For weeks now I've been slowly getting through A Manhattan Ghost Story, the seventh horror novel by T.M. Wright. He's a prolific but rather cultish author whose first book, the oddly poetic and ambiguous Strange Seed, I read and reviewed last year; it left me nonplussed, unsure of how I really felt about it. But Wright had skill, a manner and tone I found intriguing, so I didn't give up on reading another horror novel by him. Then I happily found a copy of MGS, feeling that his talents would lend themselves well to a quiet tale of haunting in the Big Apple. Dared I hope for, I dunno, Woody Allen meets Roman Polanski (to put it in cinematic terms)? Well... yep, kinda I was hoping for that! But now, I'm feeling that same ambivalence about this novel too.A photographer named Abner Cray visits the city to do a coffee-table book of his work, staying at an old friend's empty apartment. He muses obsessively on the nature of death and the dead but not in any way I found insightful or surprising. A struggle, trudging through "poetic" elegiacal passages such as Yes, definitively, this is what it's all about, this is what Death is all about; sit back now, I'll tell you, my God, they'd swarm all over like angry bees, the dead would, like angry bees which appear again and again throughout the narrative. Then there's flashback chapter sections in which Abner and a delinquent friend break into a mausoleum as young teens in 1965, which contain some really and truly clunky, amateur-hour prose and dialogue (if I read one more conversation in which two characters say one another's names over and over again...).
The present day sees ghosts intermingling with the living in a sort of purgatorial New York City. At least, if you can't figure out that the odd people who speak in repetitive near-riddles to the narrator are merely shades of the dead - well, there, I spoiled it for you.

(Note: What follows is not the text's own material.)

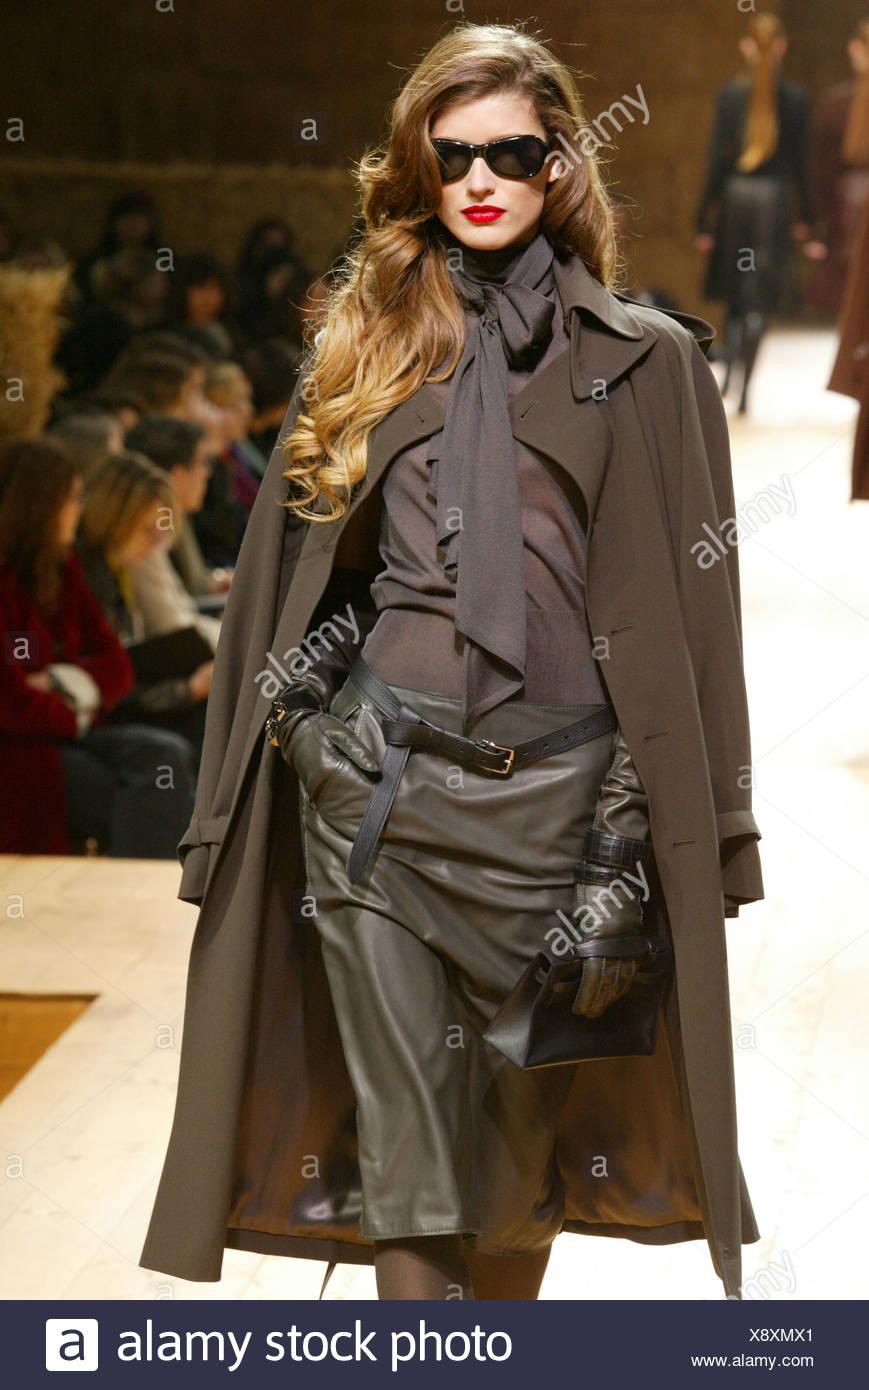 cb42a696af Hermes Paris listo para ponerse Otoño Invierno modelo morena de largo  cabello ondulado, lápiz labial

But I didn't really: the book is titled "A Manhattan Ghost Story" - what else is the reader supposed to expect? Just look at the Tor paperback's cover art!
Anyway, I had to give up two-thirds of the way through, and quickly skimmed the final chapters. Don't feel like I missed much. There's an interesting story here, absolutely: Abner's friendship with a man who's abandoned his apartment and left the country because he murdered someone; his burgeoning relationship with that friend's ex-girlfriend; Abner's own past in which he'd slept with an attractive cousin; his misadventures in the dark and gritty city streets and parks and apartment buildings. But there's little atmosphere and, as I said, you pretty much know what's coming. The pacing is stop/start and the editing should have tightened up a lot of the writing. I felt like MGS was an old manuscript Wright had in a desk drawer and turned it in without rewriting it.I really wanted to like A Manhattan Ghost Story; I haven't read a good ghost story in some time, and I felt the Manhattan setting would work to Wright's advantage. It's just that I don't think he took enough advantage, certainly not enough to convince this reader. He has some real fans, though, as his Wikipedia page reads more like disguised fanboy gushing than impartial biography (who gives a fuck who the movie rights to MSG were bought by and which celebrities were attached to act in it? You don't see that in other Wikipedia novel entries). Not finishing a book is one of my great pet peeves, but it really is the only sensible course: three weeks of reading and I didn't even make it to page 250 (out of 381). My shelves are overstuffed these days; what would you have done?